How do we remedy this problem? We must gurantee that upon returning from the exception handler, ecx+edx is pointing to a valid read/write memory space. It'd be handy if there was VirtualReAlloc, but there is no such a function documented in MSDN. Another approach would be to allocate some memory somewhere else to save the current memory, then free cur_mem and VirtualAlloc with fixed base memory address and double the cur_mem_size.


|-----------| <- cur_mem | | | | <- cur_mem->size
|-----------|
| |
| |
|-----------| <- tmp_mem | | | | |-----------|

In order to be able to allocate double*$cur_mem->size, you have to make sure the temporary memory space start from at least $cur_mem+double*$cur_mem->size as shown in the graphy. A box indicates cur_mem->size amount of memory. If you fail to satisfy the above condition, you will not be able to VirtualAlloc at fixed $cur_mem address with double its current size. This approach is definitely doble but the master Jedi programmer will no doubt frown on its design and efficiency. The exception handler is simply too expensive and is against its design principle to be efficient and decisive.

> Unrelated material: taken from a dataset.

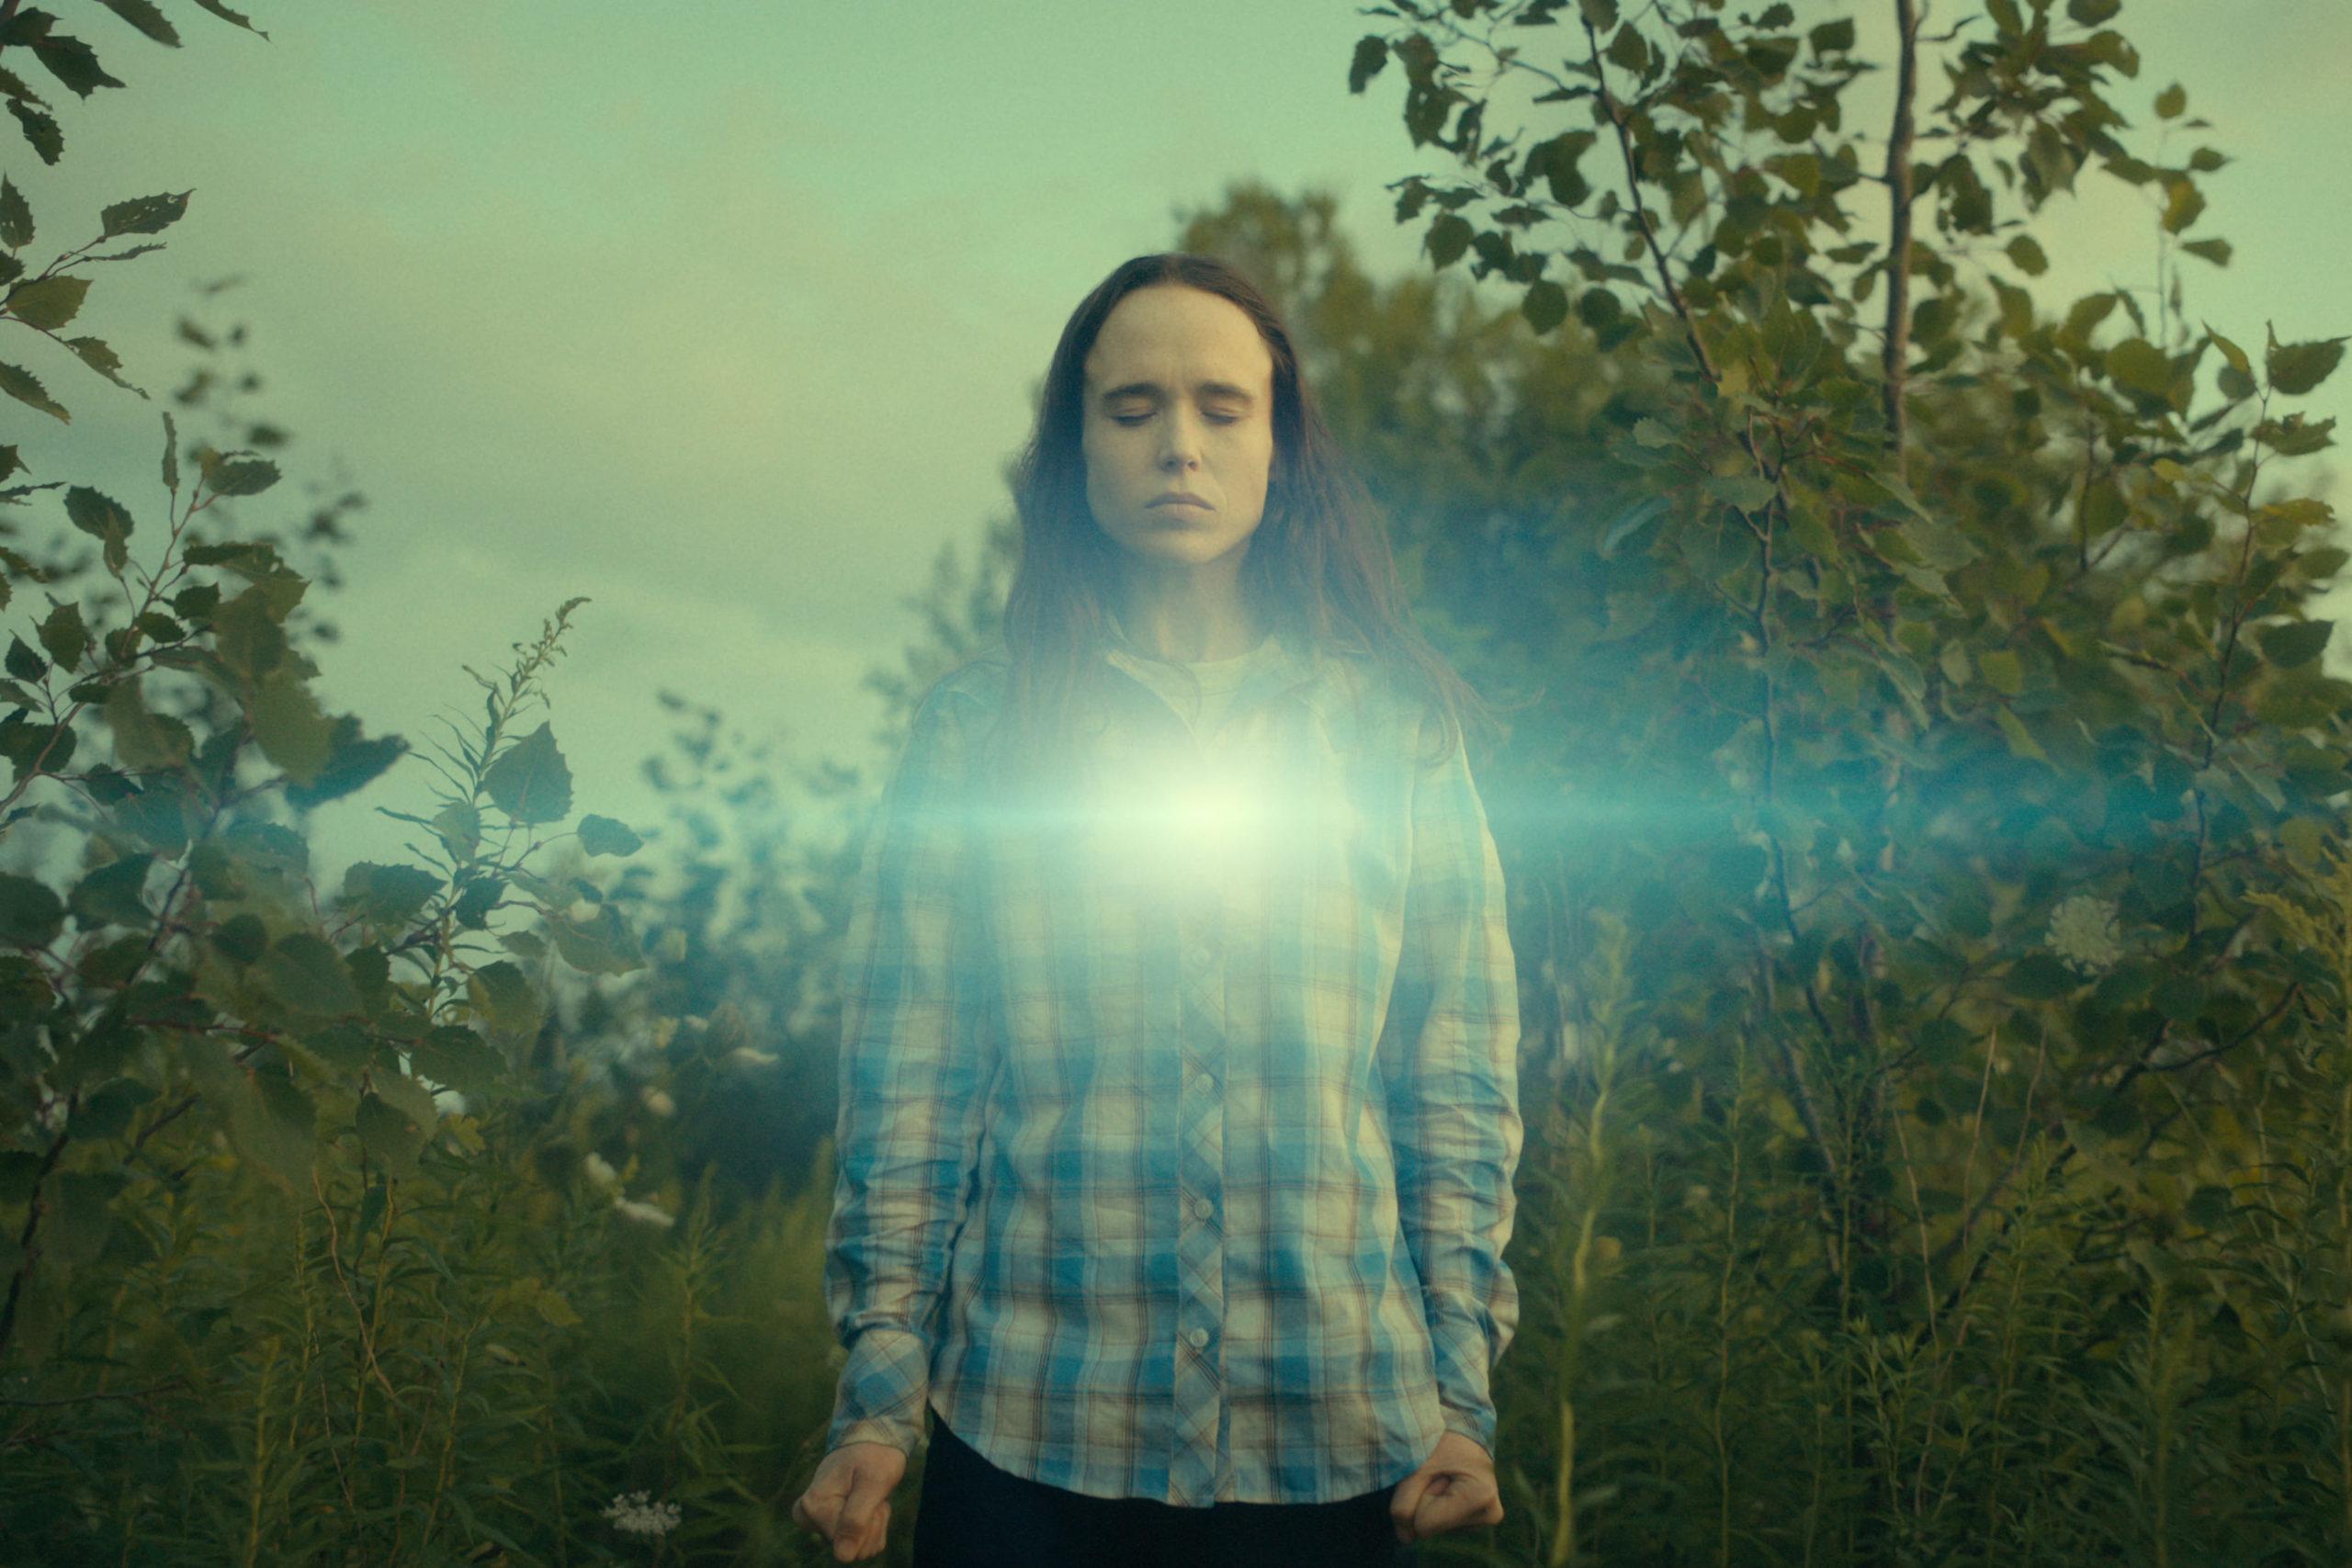 El superpoder de Ellen Page: reconocer sus privilegios como actriz blanca

What about this? We simply VirtualFree(cur_mem) and then VirtualAlloc($cur_mem, 2*cur_size)? This reduces the overhead of allocating new memory space, transfering data and yet gurantees the fixed memory address allocation. This solution may sound on paper, however it's almost guranteed to fail because of win32 memory management mechanism. First of all, VirtualFree and VirtualAlloc will fill the new allocated memory with 0; even if we disallow them to zero the pages, we cannot garantee that we will be dealing with the same physical page again upon task switch/kernel call gate control transfers. We may not look at the same physical page and even we are lucky to regain the same physical page, its contents may have been overwritten by another task or the kernel. So this approach will simply not work.


The next idea we could come up with is to allocate a new memory block that concatenates directly after the current memory block that is shown if the following graph. The idea is to allocate a new block of memory at the fixed address where the last fault occured. This idea seems rather plausible, the only drawback would be the hassle to clean this up. We have to VirtualFree every memory block that we allocate inside the exception handler. But still it sounds like a reasonble solution until we put this into implementation, VirtualAlloc would not return a useful memory address with the fixed bad address where the exception occured.



|-----------| <- cur_mem | | | | <- cur_mem->size
|-----------| <- concat_mem | | | | |-----------|

Ok, finally something that really works. The idea is to initially reserve a large chunk of memory and commit the memory upon demand. But this idea is really a static memory approach and would not really meet our requirement. Now imagine for a second how would you solve this problem?